[Data for this task]
============================================================

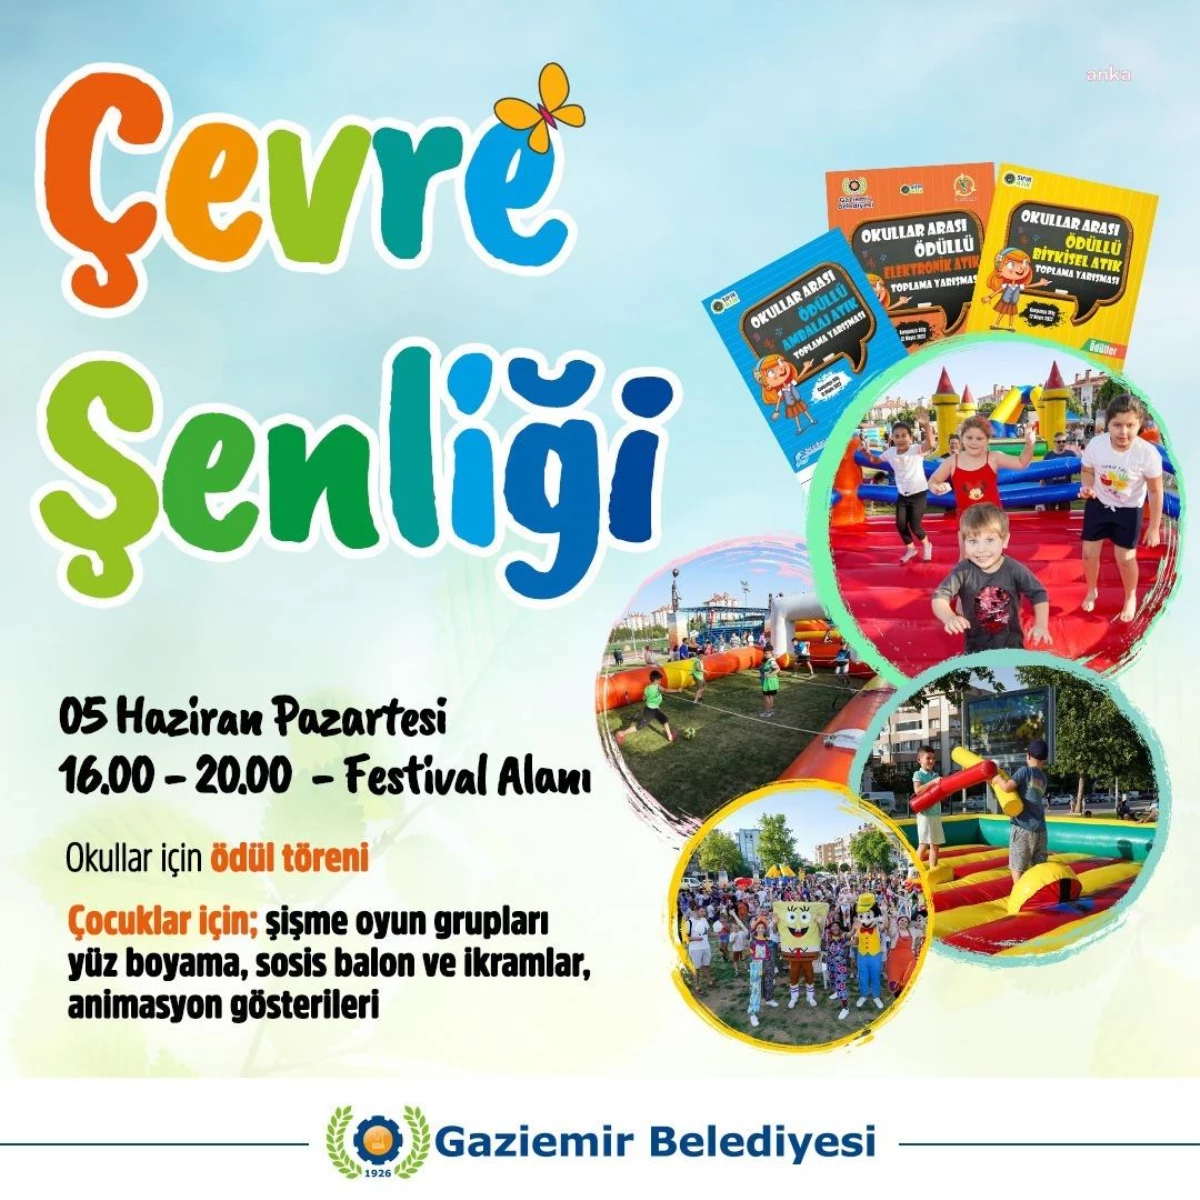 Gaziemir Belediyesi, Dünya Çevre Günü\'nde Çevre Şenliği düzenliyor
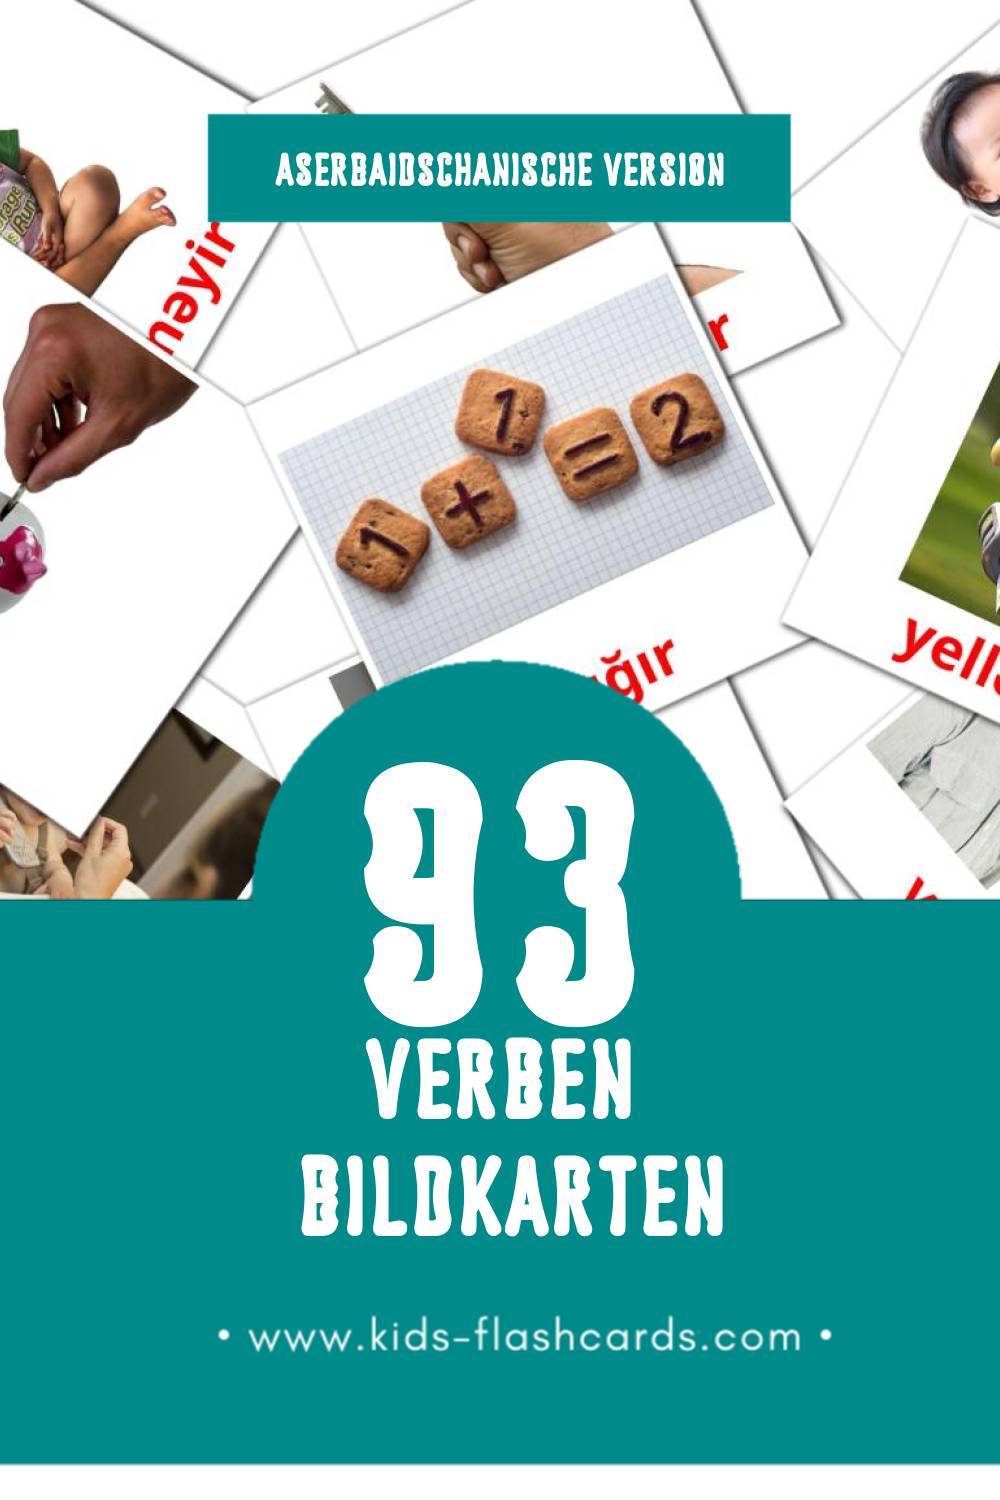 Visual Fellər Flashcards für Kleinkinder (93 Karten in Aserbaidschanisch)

============================================================

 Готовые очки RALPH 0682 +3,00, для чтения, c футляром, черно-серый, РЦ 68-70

============================================================

[Activity] Exactly the lines above from the one that contains "Gaziemir Belediyesi, Dünya" down to the one that contains "Visual Fellər Flashcards" are to be output, both ends kept and pictures omitted.

[Written solution]
 Gaziemir Belediyesi, Dünya Çevre Günü\'nde Çevre Şenliği düzenliyor
 Visual Fellər Flashcards für Kleinkinder (93 Karten in Aserbaidschanisch)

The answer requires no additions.